"Being able to say that one is a survivor is an accomplishment. For many, the power is in the name itself. And yet comes a time in the individuation process when the threat or trauma is significantly past. Then is the time to go to the next stage after survivorship, to healing and thriving. ... One can take so much pride in being a survivor that it becomes a hazard to further creative development. ... Once the threat is past, there is a potential trap in calling ourselves by names taken on during the most terrible time of our lives. It creates a mind-set that is potentially limiting. It is not good to base the soul identity solely on the feats and losses and victories of the bad times."

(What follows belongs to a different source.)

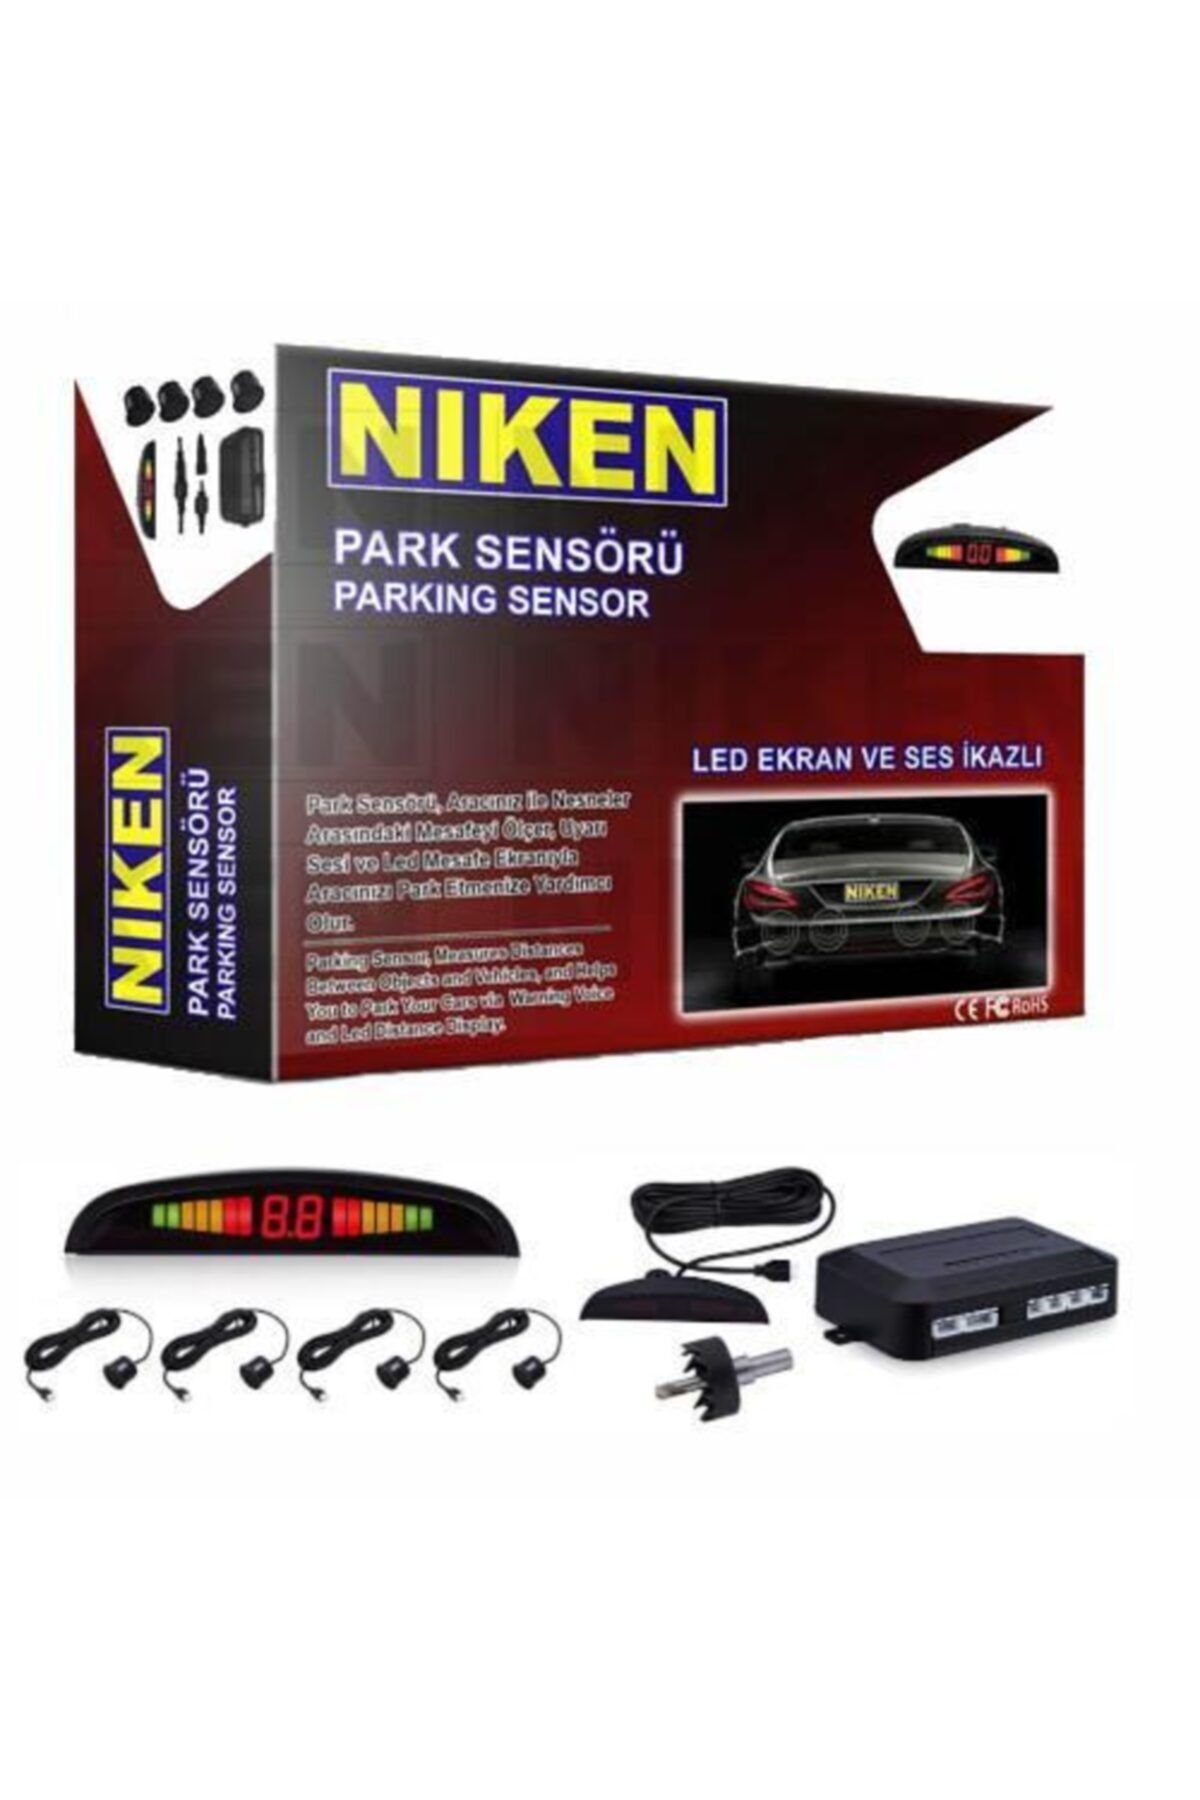 Niken Park Sensörü Ekranlı Ve Ses Ikazlı Garantili Siyah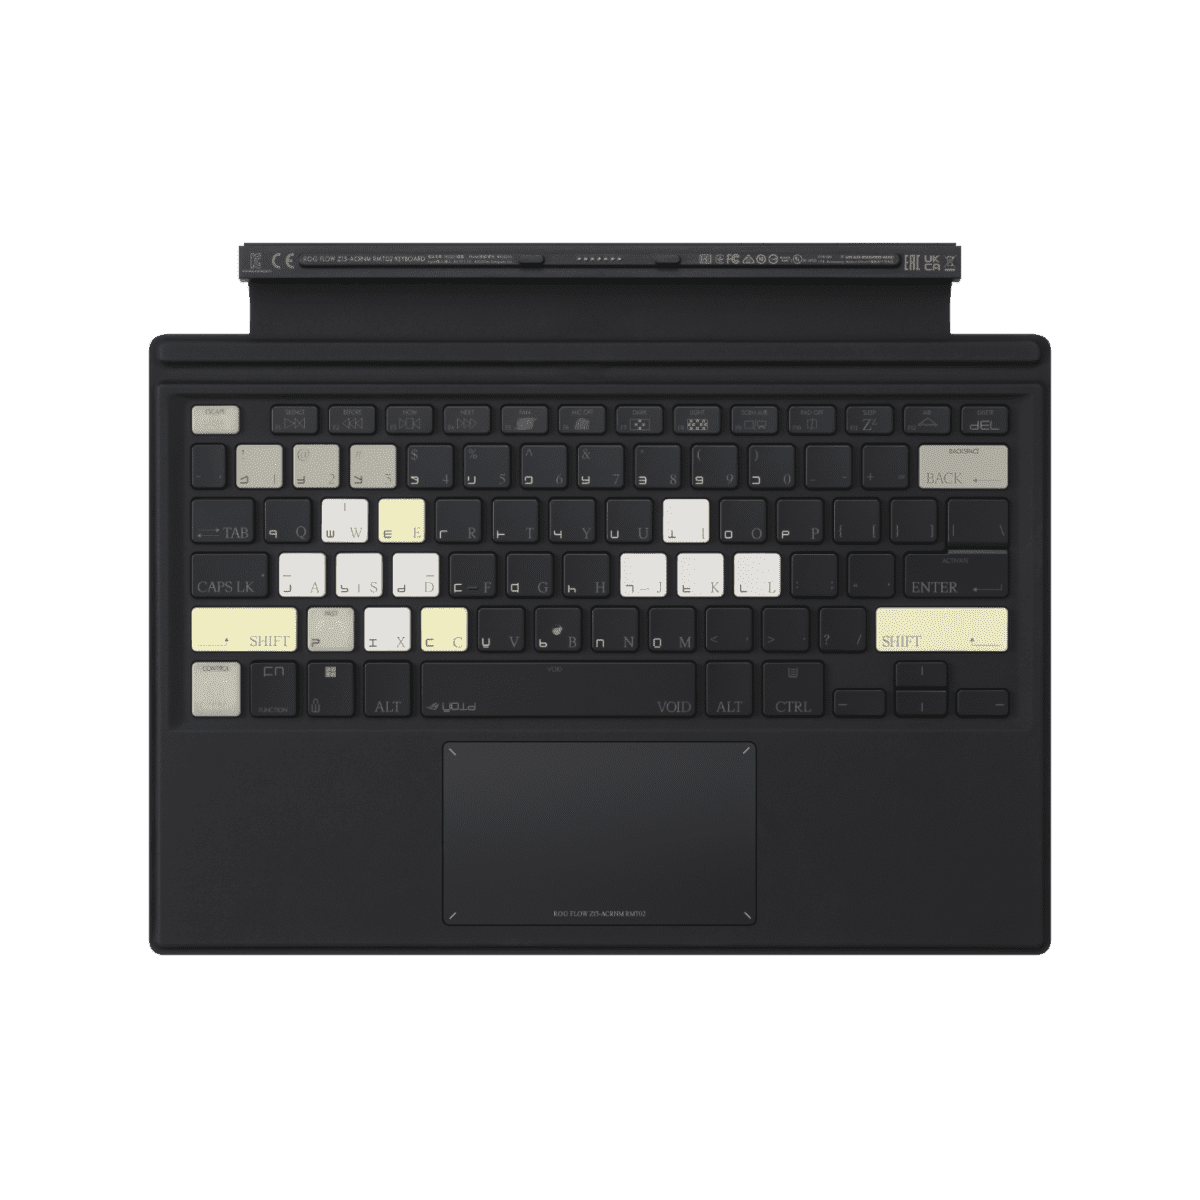 ROG-Flow-Z13-GZ301VIC Dimension of keyboard: 30.2 x 22.8 x 5.75 cm Weight of keyboard: 0.39 Kg

Women Who Run with the Wolves
This quote calls to mind the need in our society to name things as a means of quantifying or qualifying them. People derive their identities from this naming process, for better of for worse. With eating disorders, people quickly become categorized by their illness or their behaviors. This adds another layer to the eating disorder problem – people deriving their identity from their eating disorder. A person becomes known as the anorexic or the bulimic or the thin one or the exerciser. If someone has tied their identity to these labels it makes it difficult to let go of the eating disorder for fear of who they will be without it. For this reason, in my practice I say that someone has anorexia or bulimia not that they are anorexic or bulimic. I want to extricate the disorder from the person. It is a part of the person but not the entire person. I want clients to identify with other things, to find healthier attachments.
I work
with clients to help them discover and reclaim parts of themselves that have
been buried under the eating disorder. When this happens they can then
strengthen these parts thus forming an identity based on health rather than
sickness, on truth rather than fear. This is an integral part of healing,
letting go of the eating disorder distinction and choosing self-acceptance.




Very well said. All a person needs is the extra shame and stigma that comes from being labelled. Appreciate your thoughts.
Posted by: CEDRIC centre | June 24, 2009 at 08:08 AM
This is very true I think. Just as the ED becomes an identity, so can to mindset that one is a survivor -- this can be limiting and although I am not recovered, I can appreciate that it would be easy to define oneself in this manner.